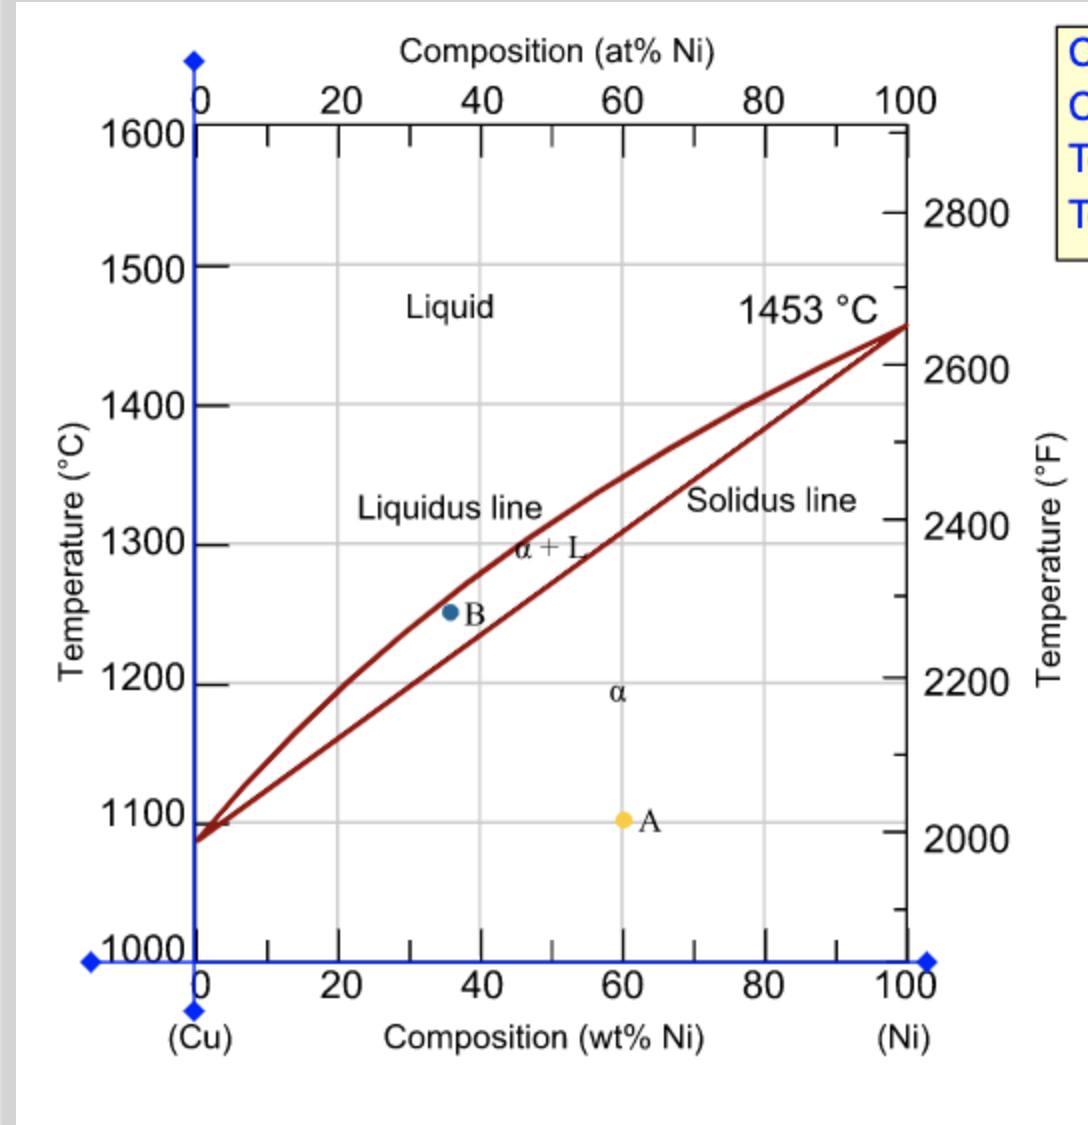 Composition (at% Ni)
20
40
60
80
100
1600
2800
1500
Liquid
1453 °C
2600
1400
Liquidus line
Solidus line
2400
1300
OB
1200
2200
1100
A
2000
1000.
20
40
60
80
100
(Ču)
Composition (wt% Ni)
(Ni)
Temperature (°C)
Temperature (°F)

_Requirement:_ Reproduce the material exactly; omit the pictures.

_Solution to this task:_
 Composition (at% Ni)
20
40
60
80
100
1600
2800
1500
Liquid
1453 °C
2600
1400
Liquidus line
Solidus line
2400
1300
OB
1200
2200
1100
A
2000
1000.
20
40
60
80
100
(Ču)
Composition (wt% Ni)
(Ni)
Temperature (°C)
Temperature (°F)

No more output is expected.